Static Topic Bridges
NALSA v. Union of India (2014) — The Landmark Judgment
In National Legal Services Authority v. Union of India (2014), the Supreme Court for the first time legally recognised transgender persons as a "third gender" and directed the state to ensure their fundamental rights. The Court, drawing on Articles 14, 15, 16, 19(1)(a), and 21 of the Constitution, held that gender identity is an innate perception of self — not determined by biological characteristics — and that no person should be subjected to medical examination or biological tests to establish their gender identity. The Court also directed that transgender persons be treated as a "socially and educationally backward class" eligible for reservations. The 2026 Amendment Bill directly contradicts this by making medical certification a precondition for legal gender recognition.

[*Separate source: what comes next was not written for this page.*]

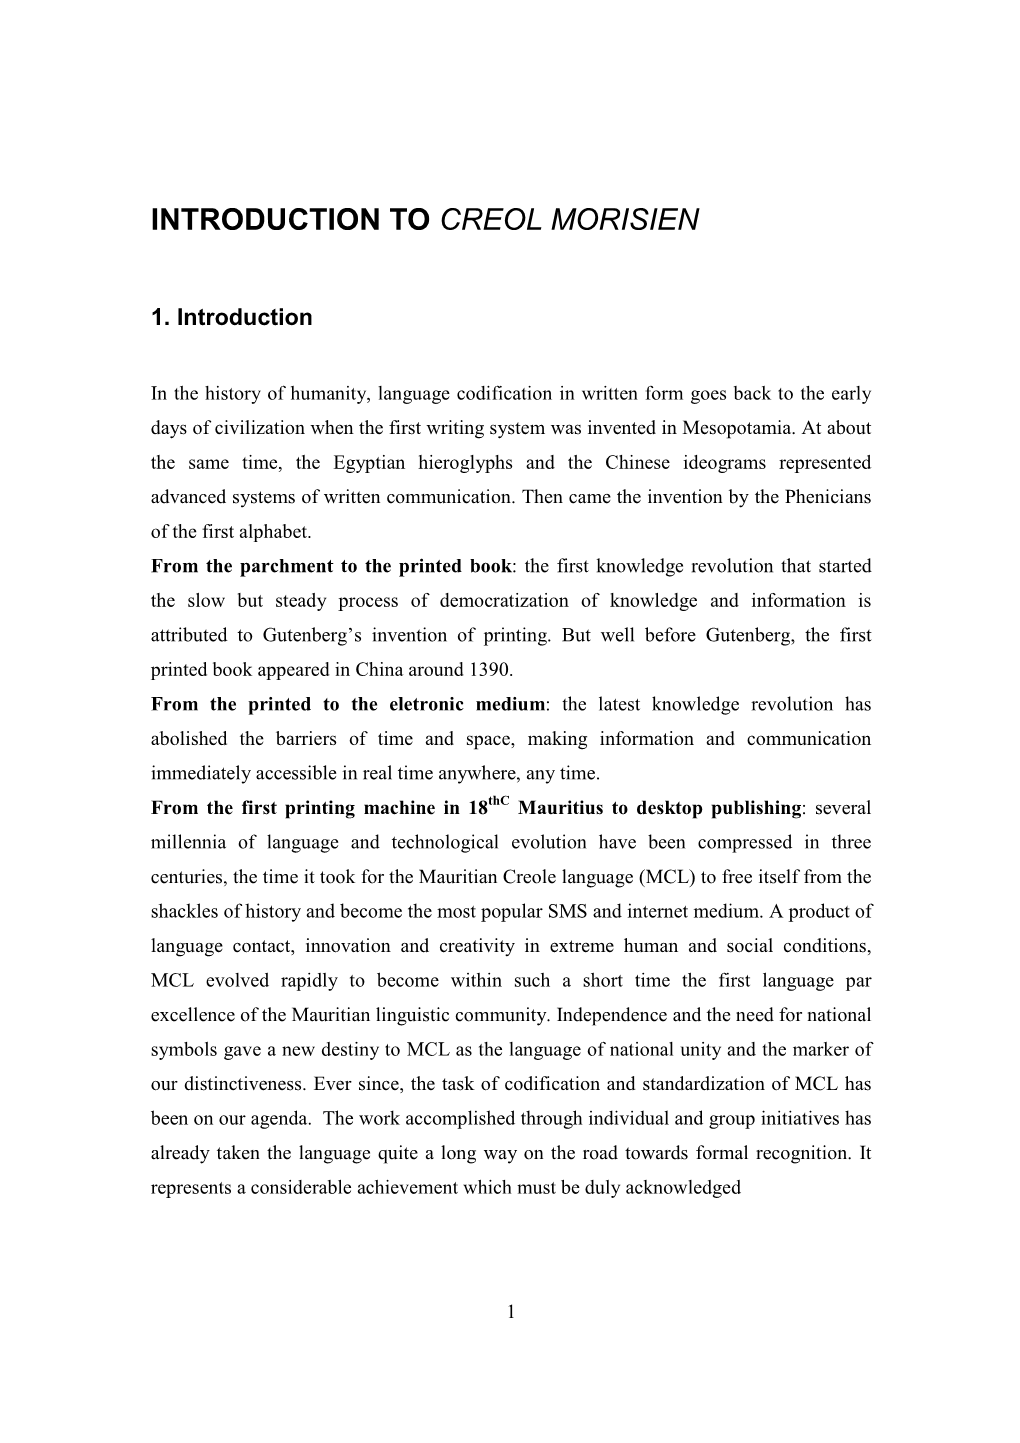 Introduction to Creole Morisyen

- Case citation: AIR 2014 SC 1863; decided by a two-judge bench
- Held: Right to self-identification of gender is a fundamental right under Article 21 (Right to Life and Personal Dignity)

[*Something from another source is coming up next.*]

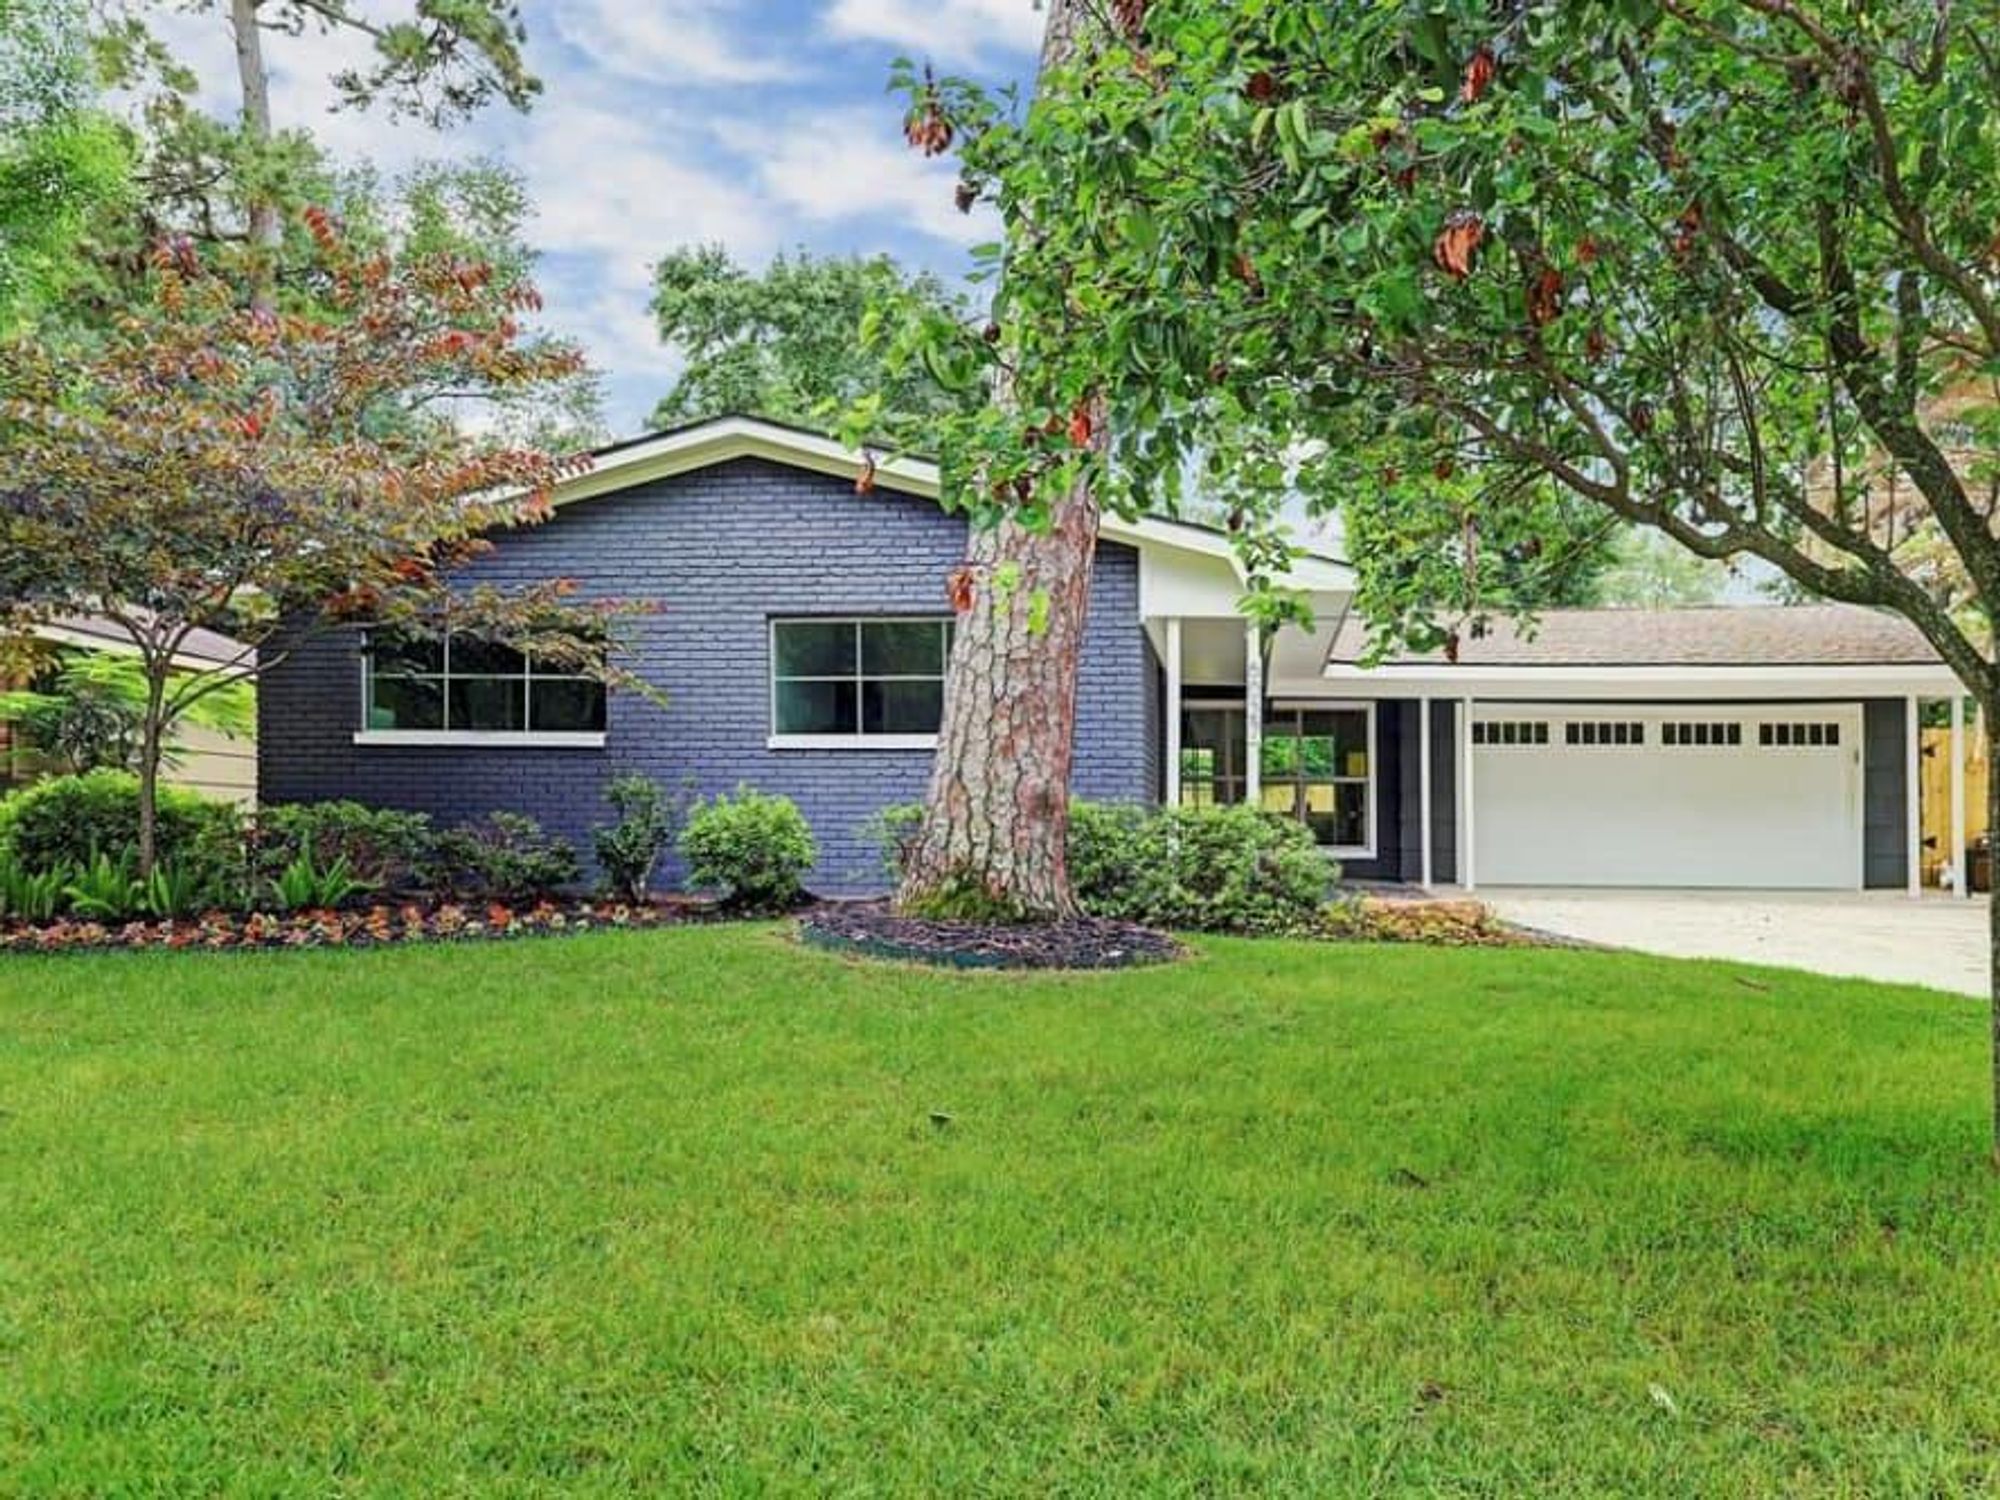 Home for sale in Houston's Lazybrook/Timbergrove neighborhood

- Directed Central and State governments to recognise third gender in all official documents
- Mandated OBC-type reservations for transgender persons in education and public employment
- The judgment was the foundation for the Transgender Persons (Protection of Rights) Act, 2019
Connection to this news: The 2026 Amendment Bill's requirement for medical board certification directly reverses what the NALSA judgment prohibited — subjecting gender identity to external biological or medical verification — raising a direct constitutional challenge under Article 21.
Transgender Persons (Protection of Rights) Act, 2019 — Original Framework
The parent legislation — the Transgender Persons (Protection of Rights) Act, 2019 — created a framework for legal recognition, welfare, and protection against discrimination. Under the Act, a transgender person can self-identify and apply to the District Magistrate for a gender identity certificate without medical intervention. The Act also prohibits discrimination in education, employment, healthcare, and access to public spaces, and mandates welfare measures by the state. The 2026 Amendment Bill proposes to alter these core provisions, including narrowing the statutory definition of "transgender person" and introducing mandatory medical board evaluation.
- The 2019 Act defined "transgender person" broadly to include trans-men, trans-women, intersex persons, and persons with socio-cultural identities (hijras, kinnars, etc.)
- Certificate of Identity under the 2019 Act: self-declaration-based, issued by District Magistrate
- The 2026 Bill reportedly removes "trans-man," "trans-woman," and "genderqueer" from the definition
- A Medical Board under the proposed amendment would be chaired by the Chief Medical Officer or Dy. CMO
Connection to this news: The opposition's demand for rollback is rooted in the view that the 2026 amendment fundamentally undermines the rights architecture built under the 2019 Act — which itself was seen as a partial implementation of the NALSA directions.
Constitutional Rights of Marginalised Communities and Judicial Oversight
India's Constitution prohibits discrimination on grounds including sex (Article 15) and guarantees equality before law (Article 14). The Supreme Court has progressively interpreted "sex" to include gender identity and sexual orientation — as affirmed in Navtej Singh Johar v. Union of India (2018) which decriminalised consensual same-sex relations. When Parliament legislates on matters affecting fundamental rights of vulnerable groups, courts apply a higher standard of scrutiny. A statutory provision that requires medical certification for gender identity would likely face constitutional challenge, given the Court's consistent position that gender identity belongs to the sphere of personal autonomy protected under Article 21.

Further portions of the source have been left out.